In using -max(,)- there are two principles which deserve emphasis. 

One which may surprise is that -max(.,<non-missing>)- yields the
non-missing value as a result, even though you've learned since
early Stata days that missing is treated as arbitrarily large.
This is, the more you think about it, what you (usually) really
expect. You wouldn't want to be told that

       max(-1, 0, 2.71828, 3.14159, 42,.)

is . (missing): just as with a simple look at data you'd ignore the 
missings and report 42. 

Another principle mentioned in some places (not enough) is that 
you can rely on -replace- following the -sort- order of the 
data. So that within blocks of observations 

       gen `max' = . 
       replace `max' = max(`end', `max'[_n-1])        

is code for running maximum. Stata doesn't allow here 

       gen `max' = max(`end', `max'[_n-1])

as the RHS has got to be defined before the LHS can be. 

So what we then do is mark out of consideration all those 
enclosed spells 

       // don't use spell if end not a new maximum 
       // (i.e. spell enclosed within another spell) 
       by `touse' `id' : replace `touse' = 0 
                            if `max' == `max'[_n-1]   
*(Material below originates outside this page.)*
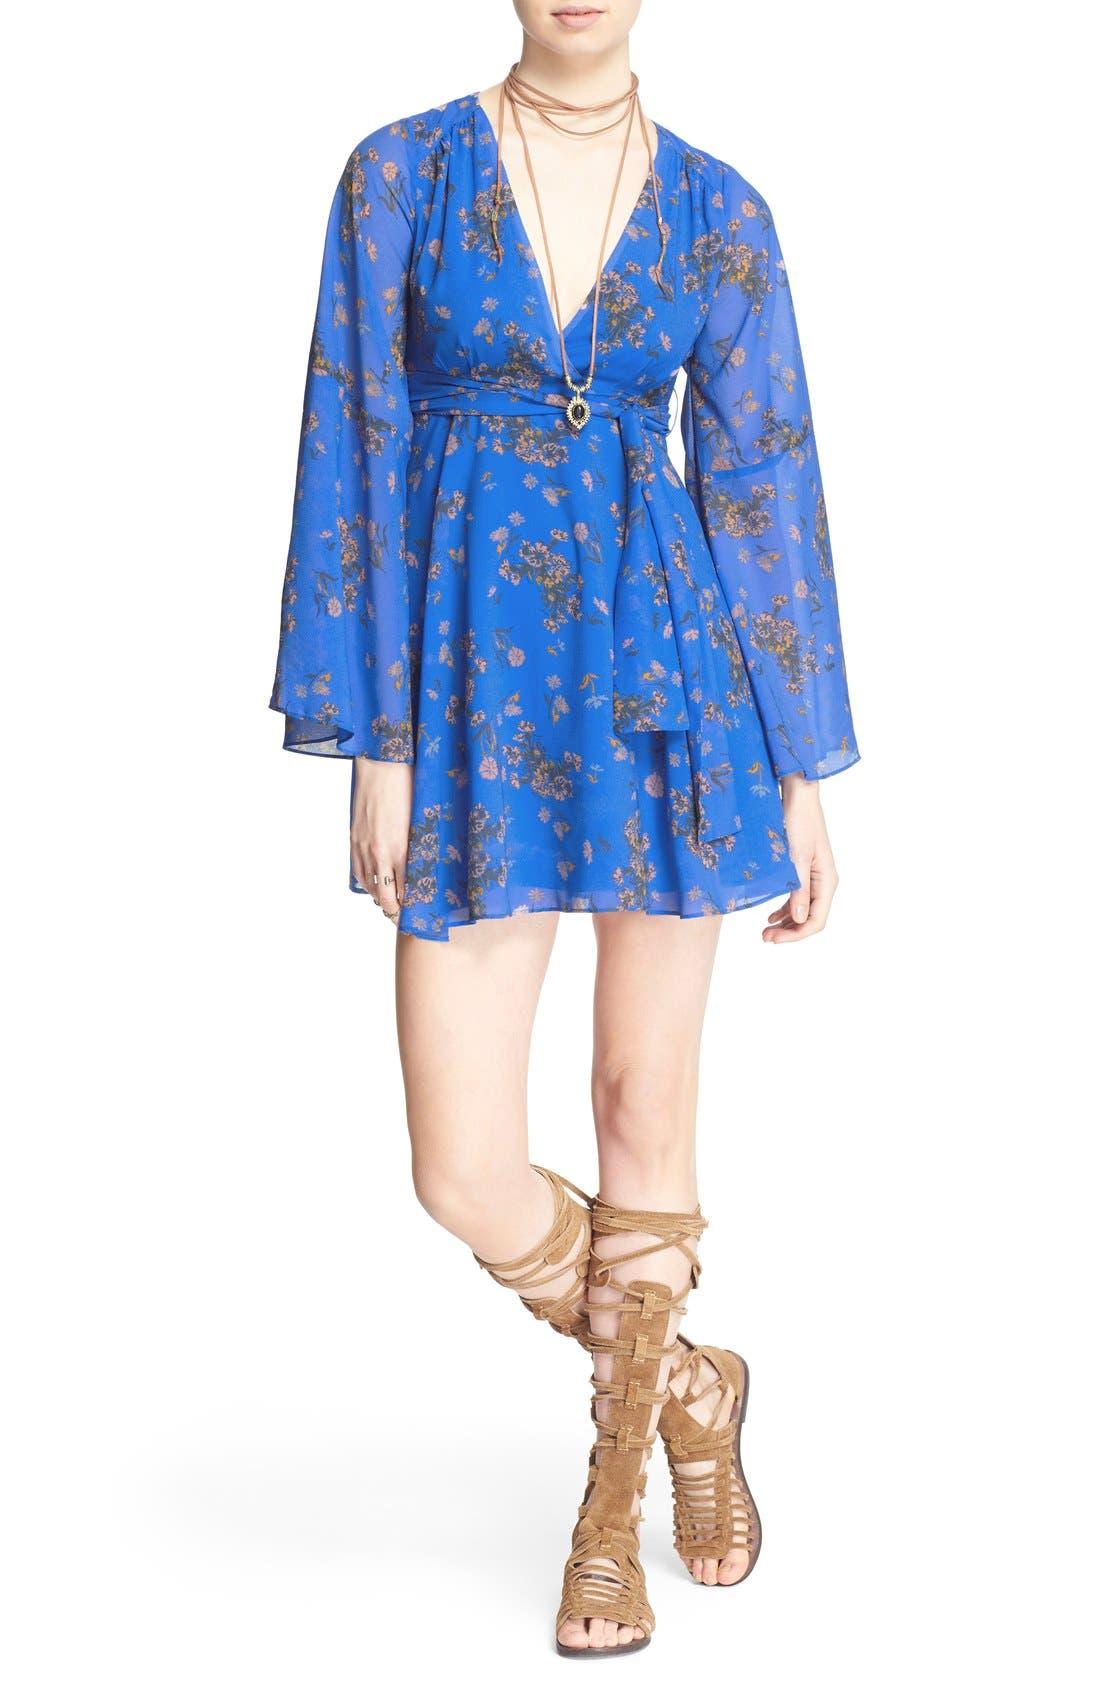 Alternate Image 1 Selected - Free People 'Lilou' Floral Print Minidress

Our first approximation to the ends of disjoint spells is then                             
       
       // first stab, without correction for overlap 
       gen `generate' = `end' if `touse'   

We changed `touse', so we should -sort- the observations to be ignored 
out of the way. 

       *******
       ****
       *** 
        ****
        *** 
           ***************** 
                         **************** 
                                          **** 

is thereby reduced to 

       *******
           ***************** 
                         **************** 
                                          **** 

Now we just look down from spell to spell. If the next spell
starts before this one ends, we chop off the overlap. Our new END
variable (denoted E) will be 

       ***E     
           *************E    
                         ***************E 
                                          ***E 

Now our spells are disjoint. Here's the code. 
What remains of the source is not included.